### [Given material]

:::

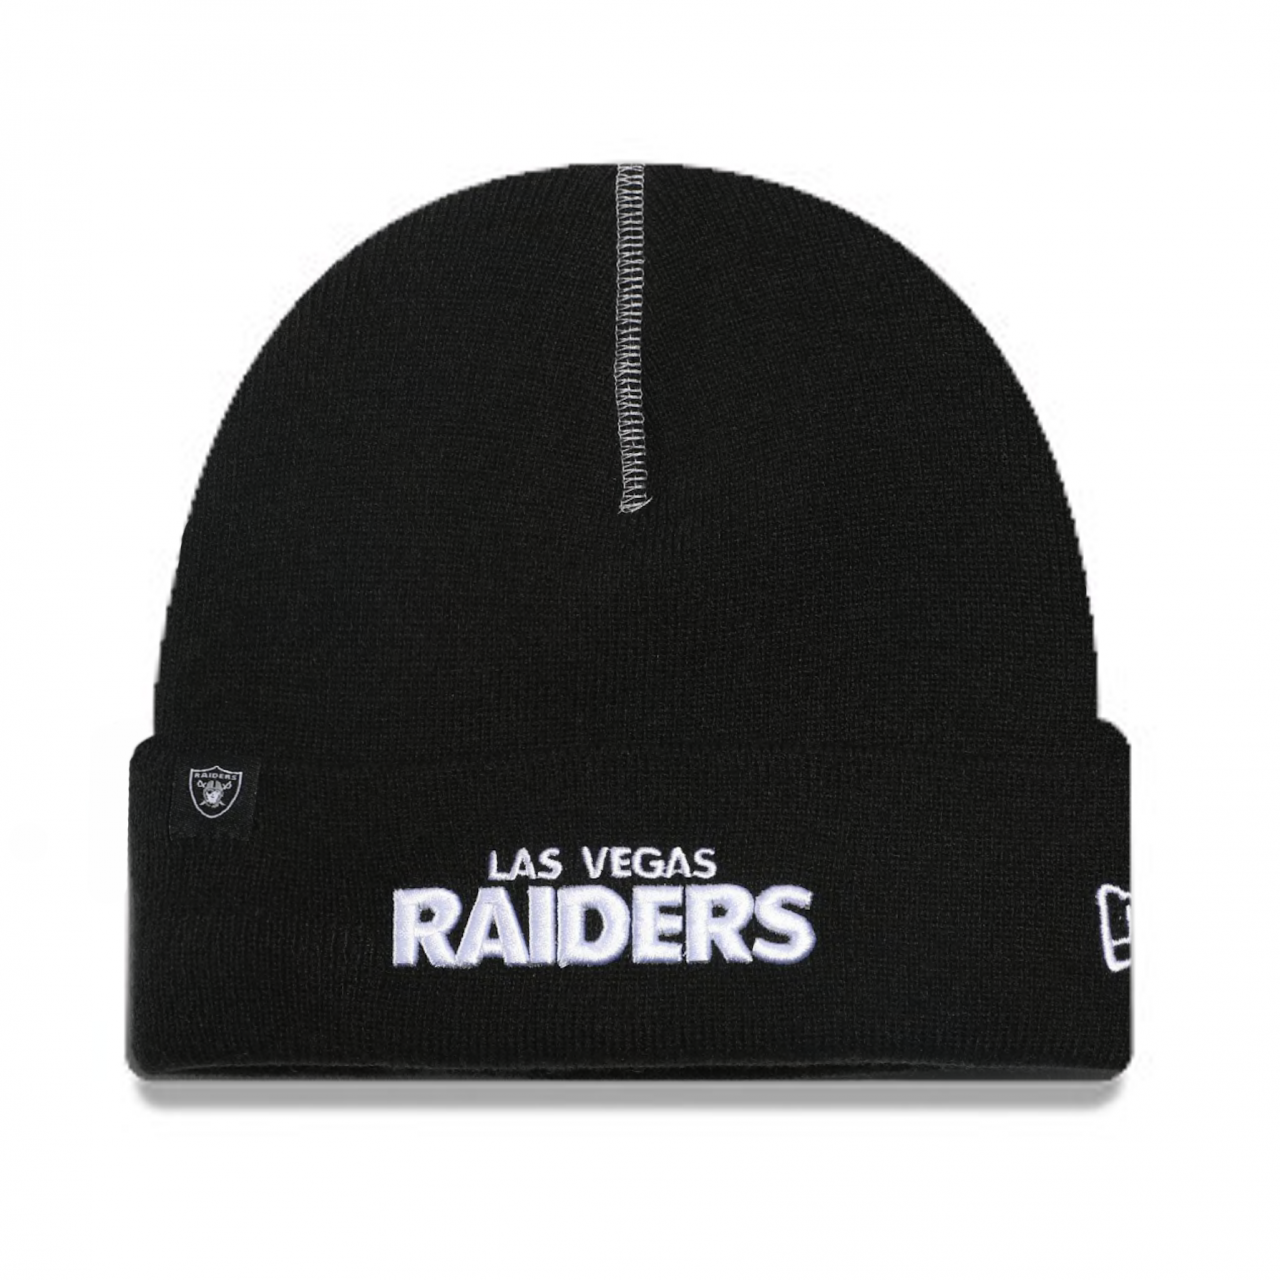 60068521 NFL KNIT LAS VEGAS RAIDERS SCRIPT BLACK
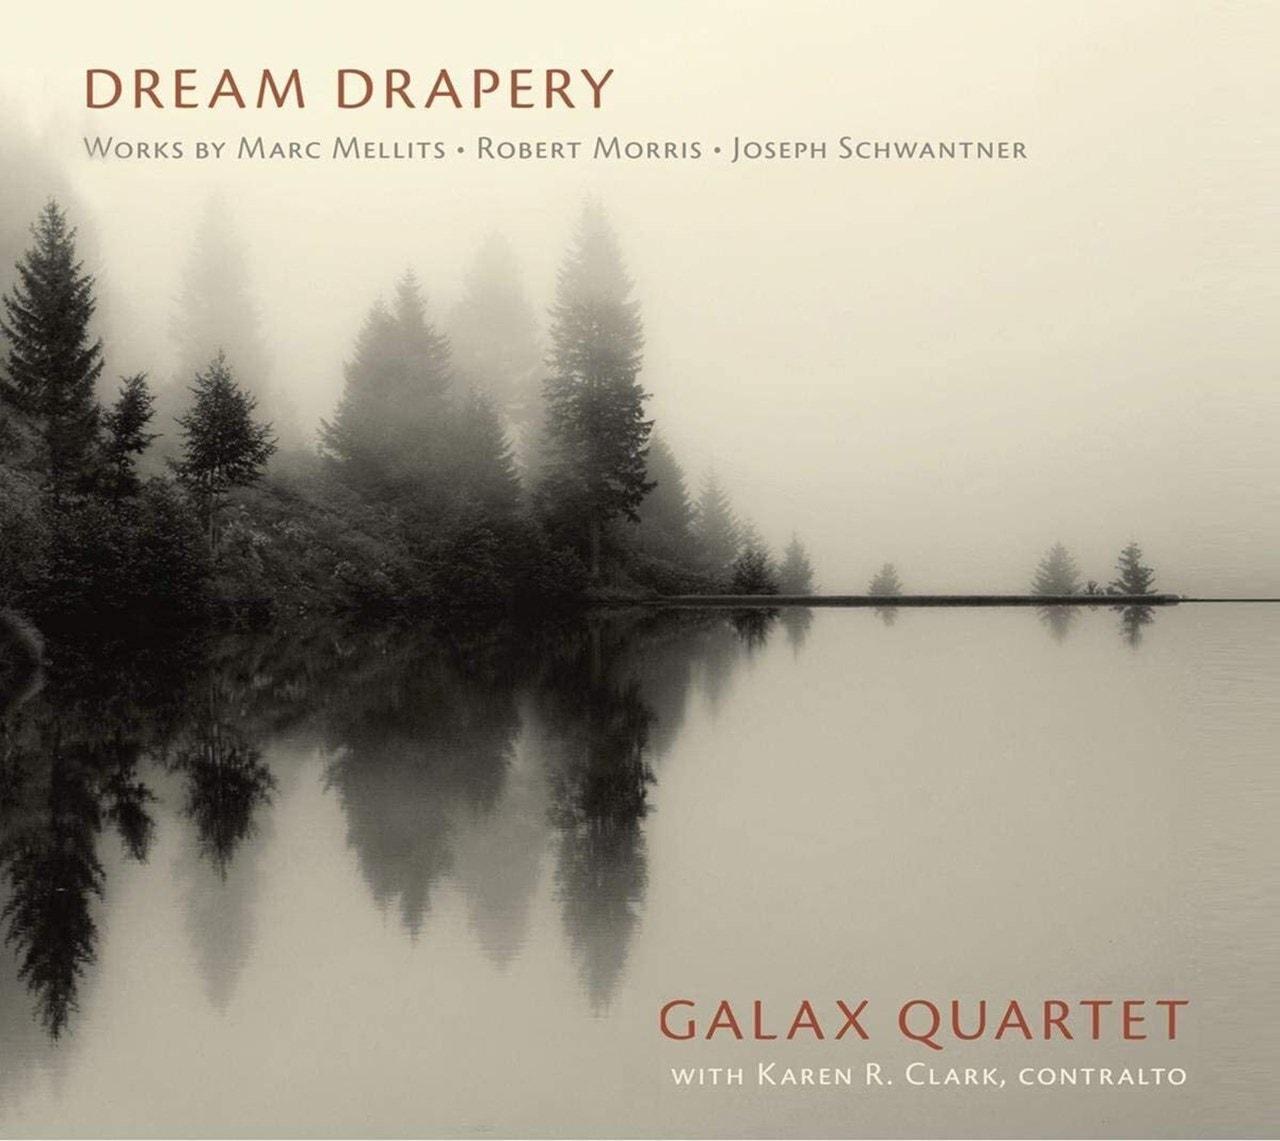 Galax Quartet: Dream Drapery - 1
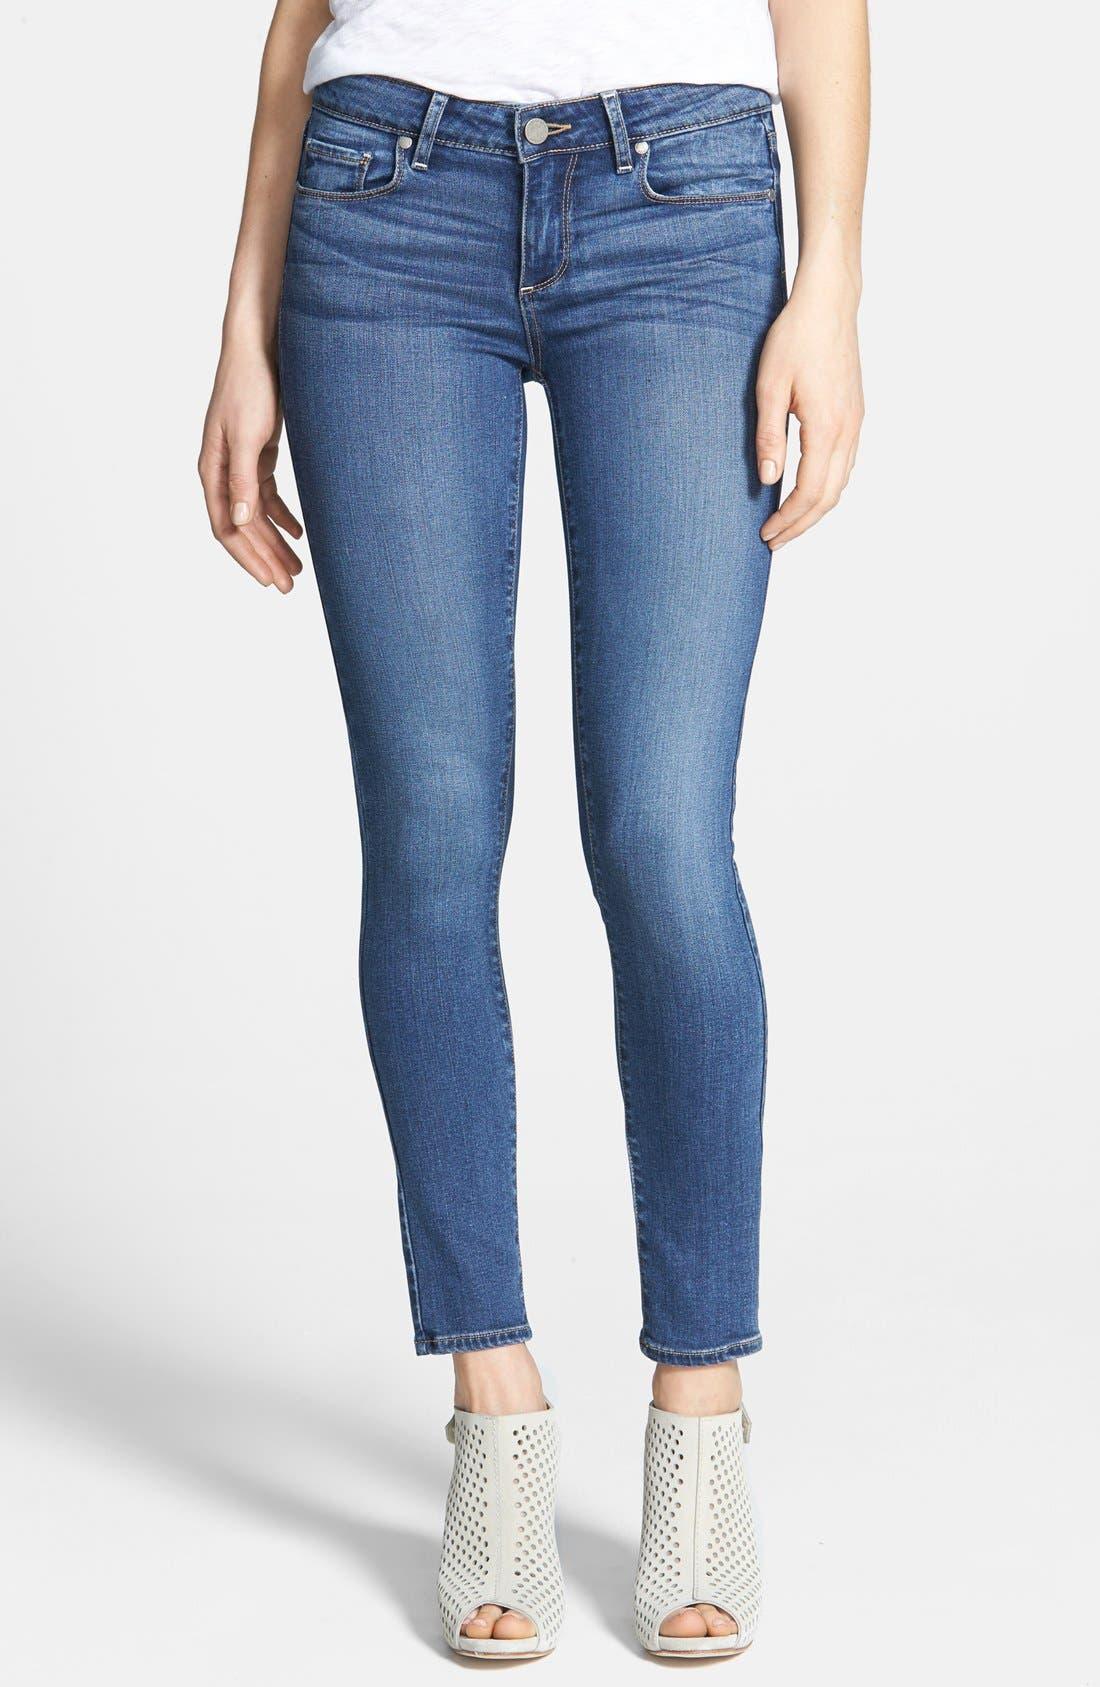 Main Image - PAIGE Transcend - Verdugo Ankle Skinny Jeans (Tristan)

:::

### [How to complete this task]
Each line from the one containing "Galax Quartet: Dream Drapery - 1" through the last line of the listing is to be given again exactly, with no pictures and no other lines.

### [Output]
 Galax Quartet: Dream Drapery - 1
 Main Image - PAIGE Transcend - Verdugo Ankle Skinny Jeans (Tristan)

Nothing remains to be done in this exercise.